Flume-ng支持两种加载配置文件模式,一种是静态配置,也就是只加载一次配置文件;第二种是基于Guava EventBus发布订阅模式的动态配置,只要对配置文件做了更改即便服务已经运行也是会使得更改被识别,即就是动态加载。
//hasOption方法:true if set, false if not
boolean reload = !commandLine.hasOption("no-reload-conf");
if (isZkConfigured) {
//若是通过ZooKeeper配置的,则使用ZooKeeper参数启动,具体步骤和else中类似
} else {
if (reload) {
EventBus eventBus = new EventBus(agentName + "-event-bus");
//PollingPropertiesFileConfigurationProvider该类是一个轮询操作,每隔30秒会去检查conf配置文件
PollingPropertiesFileConfigurationProvider configurationProvider =
new PollingPropertiesFileConfigurationProvider(
agentName, configurationFile, eventBus, 30);
components.add(configurationProvider);
application = new Application(components);
eventBus.register(application);
} else {
//静态加载配置文件,只加载一次
PropertiesFileConfigurationProvider configurationProvider =
new PropertiesFileConfigurationProvider(agentName, configurationFile);
application = new Application();
application.handleConfigurationEvent(configurationProvider.getConfiguration());
}
}
application.start();
启动flume时没有指定no-reload-conf(默认false)的话hasOption方法就返回false,因而reload为true。所以这下来就是创建PollingPropertiesFileConfigurationProvider对象动态加载配置文件。
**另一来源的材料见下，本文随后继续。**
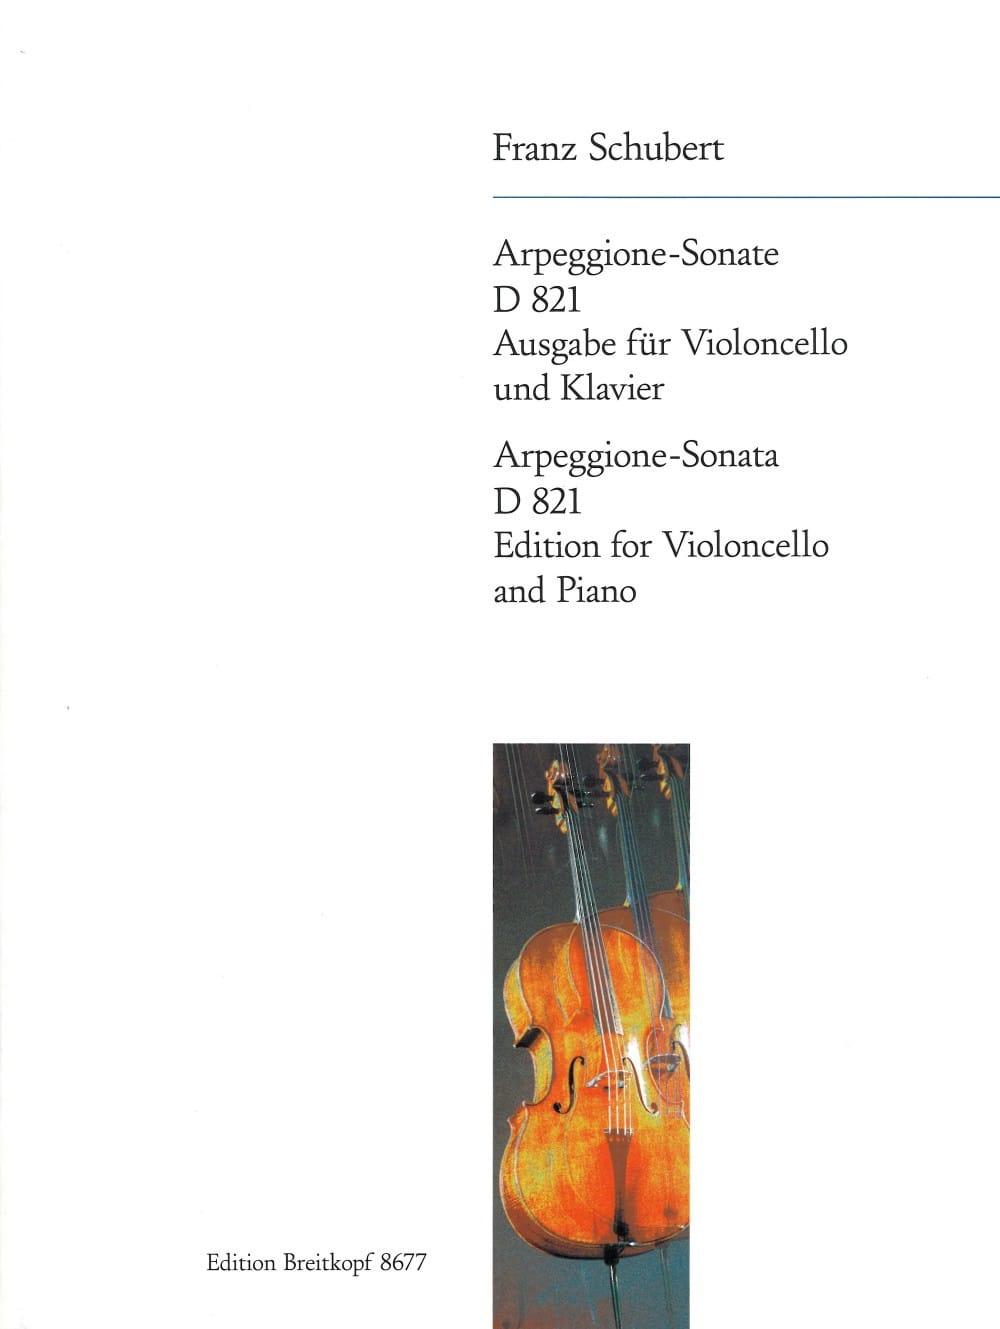 SCHUBERT - Arpeggione-Sonata A Moll D 821 - Cello - Partition - di-arezzo.es

然后可以看到eventBus.register(application)语句,其作用就是将对象application注册在eventBus上,当配置文件发生变化,configurationProvider就会发布消息(发布者), EventBus就会调用application中带有@Subscribe注解的方法handleConfigurationEvent(订阅者)。下边看看具体的handleConfigurationEvent方法实现了什么功能?
@Subscribe
public synchronized void handleConfigurationEvent(MaterializedConfiguration conf) {
stopAllComponents(); //停止组件,顺序 source->sink->channel
startAllComponents(conf); //启动组件,顺序 channel->sink->source
}
该方法主要是实现了组件的启停功能,在每次调用前都会先停止所有组件,然后在启动组件,包括source、channel、sink。现在是研究具体的启动过程,那就进入startAllComponents方法看看。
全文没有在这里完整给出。